Our heart rates seem to spike this time of year, as the Hall of Fame welcomes its newest class — it’ll be hard to top the one to be inducted this weekend, including Jerry Rice and Emmitt Smith — and the exhibition season gives us our first glimpse of the uniforms (if not the players) we'll cheer as the mercury drops.
But as great as the game is, as profits continue to add millions through one revenue stream after another, there are fundamental changes the NFL needs to make. You have the chance, Mr. Commissioner, to leave a legacy beyond that of your predecessor, Paul Tagliabue (who continues to have trouble gaining election to the Hall despite serving as the league’s authority for two decades). But you’ll have to be brave, somewhat stubborn, and immune to the criticism you’re bound to receive from pro football’s old guard (pardon the pun)
The necessary changes (listed in order of priority):
• Eliminate the three-point stance. The late Chris Henry — or Henry’s brain, at least — should have the kind of impact in the NFL that Rosa Parks had on the civil rights movement. Only 26 years old, Henry died last winter when he fell out of a moving truck during a dispute with his fiancee. Then Henry’s autopsy report was released in June, showing significant brain damage suffered before the player’s fatal accident.
Your players, Mr. Goodell, are dying. They’re dying slowly, some of them only between the ears (a harsh use of the word “only”). But they are killing one another through collisions to the head in every game and contact practice. Premature deaths of former NFL players far exceed those of the general population, and this has more to do with trauma to the brain than with the ugliest of blown-out knees.
You can pad helmets, you can penalize spearing, and you can try and enforce proper rest for players who suffer concussions. But the only “cure” for concussions is prevention. Forcing linemen to stand at the line of scrimmage will significantly reduce helmet-to-helmet blows and will put a premium on speed and athleticism, as opposed to sheer girth. Football will gain from the change, however odd it appears at first. Better, though, mankind will gain from the change.
• Eliminate exhibition games. As things currently stand, season-ticket packages are sold to NFL fans that include two home contests in the preseason. This is the sorriest excuse for selling “big-league” sports in the country. Star players are routinely excused from these affairs and, if they do appear, play a series or two before giving the field to undrafted free agents desperate to make the final 53-man roster.
Get rid of these games, add a pair of regular-season contests (making the season 18 games), and restore credibility to every ticket you sell.

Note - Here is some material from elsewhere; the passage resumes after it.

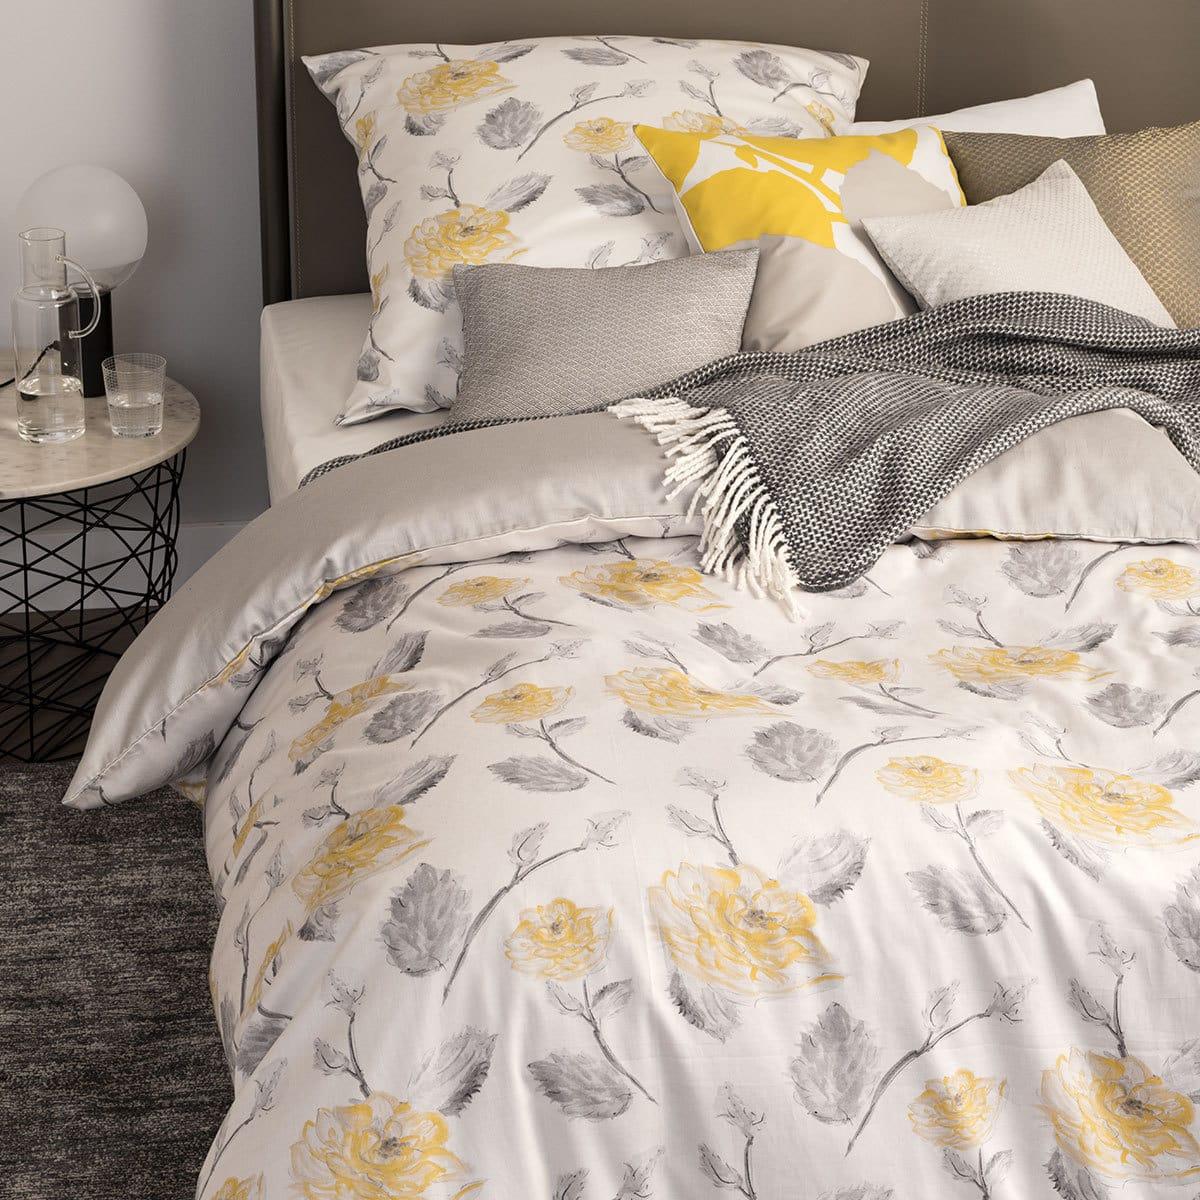 sch ner wohnen mako satin bettw sche orelia gelb g nstig. Black Bedroom Furniture Sets. Home Design Ideas

• Reduce the number of divisions. When 25 percent of the league's teams can call themselves division champions, the title has no meaning. Eight four-team divisions? The NFL is too splintered, Mr. Commissioner. And as long as Dallas is in the NFC East while St. Louis is in the NFC West, don’t suggest regional ties matter.
Cut the number of divisions in half: two eight-team divisions in each conference. A division championship — and the first-round playoff bye it earns — will again be worthy of a banner. Teams with the four best records after the division champs (regardless of division) will qualify for the playoffs. Annual rivalries (like those between the Cowboys and the rest of the NFC East) can be retained while loosening the rotation of opponents from the division-by-division system currently in place.
• Return the Colts to Baltimore. If Peyton Manning’s team wants to wear the Ravens’ uniforms, that’s fine. (A domed football stadium would certainly be the subject of a modern Poe tale of horror.) But Johnny Unitas’ colors and that iconic horseshoe helmet are Baltimore’s. Make this right, Mr. Commissioner.
Finally, a suggestion on the Brett Favre matter. Welcome the future Hall of Famer back. But insist he play in all four exhibition games.